Unidirectional Low Temperature Thermal Networks: Enabling Thermal Distributed Energy Resources

Abstract

This thesis investigates the potential of Unidirectional Low Temperature Thermal Networks (UD-LTTN) as a means to improve community-level energy efficiency through the integration of Thermal Distributed Energy Resources (TDER). UD-LTTN systems are the next generation of District Heating and Cooling (DHC) systems, and utilize decentralized heat pumps to enable distributed generation, reduce thermal pipe losses and decrease system-wide exergy destruction. By providing these benefits, these systems have the potential to decrease the total energy utilization of a community, when compared to traditional DHC systems.
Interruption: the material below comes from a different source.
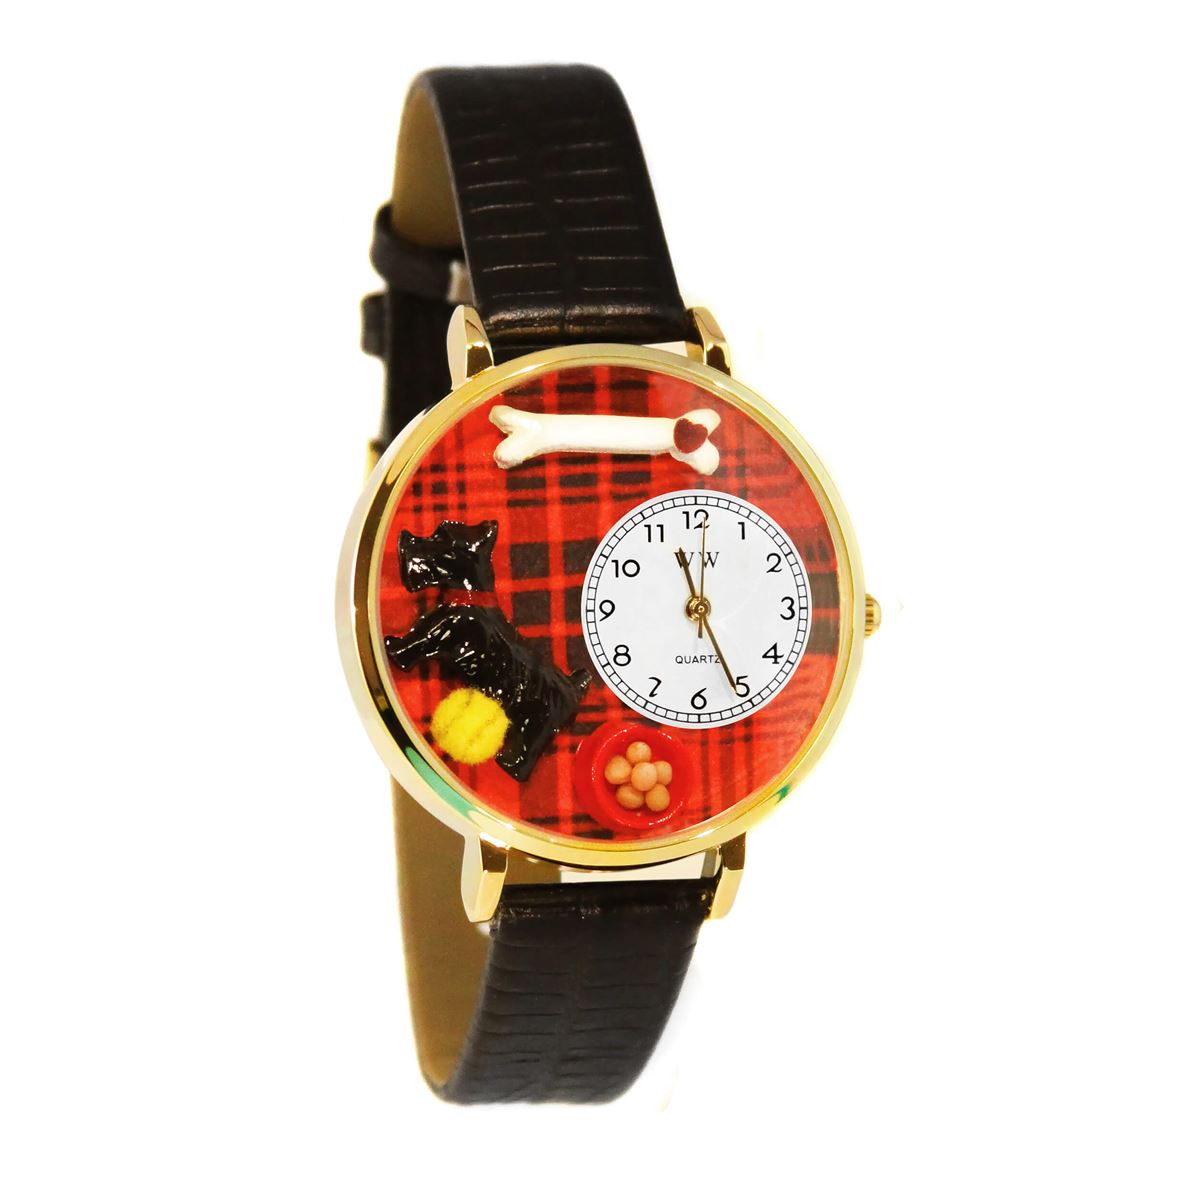 Whimsical Gifts | Scottie 3D Watch Large Style | Handmade in USA | Animal Lover | Dog Lover | Novelty Unique Fun Miniatures Gift | Gold Finish Black Leather Watch Band

To better understand the potential of UD-LTTN systems, an equation-based modelling library was created in the open-source simulation code “Modelica.” This library was then used to perform a comparative analysis between both a UD-LTTN system and DHC system when applied to the same case study. This analysis compared each system based on total energy utilization and carbon emission production for a variety of cases. Additional thematic analysis was then done to understand how the comparative analysis results extend to the more general field of UD-LTTN system design. The results found that UD-LTTNs systems can reduce the total energy generations requirements by capturing energy from decentralized waste energy resources within the community. However, other factors such as electrical generation sources, peak power capacity and pumping power requirements are important considerations when determining the true effectiveness of these innovative systems.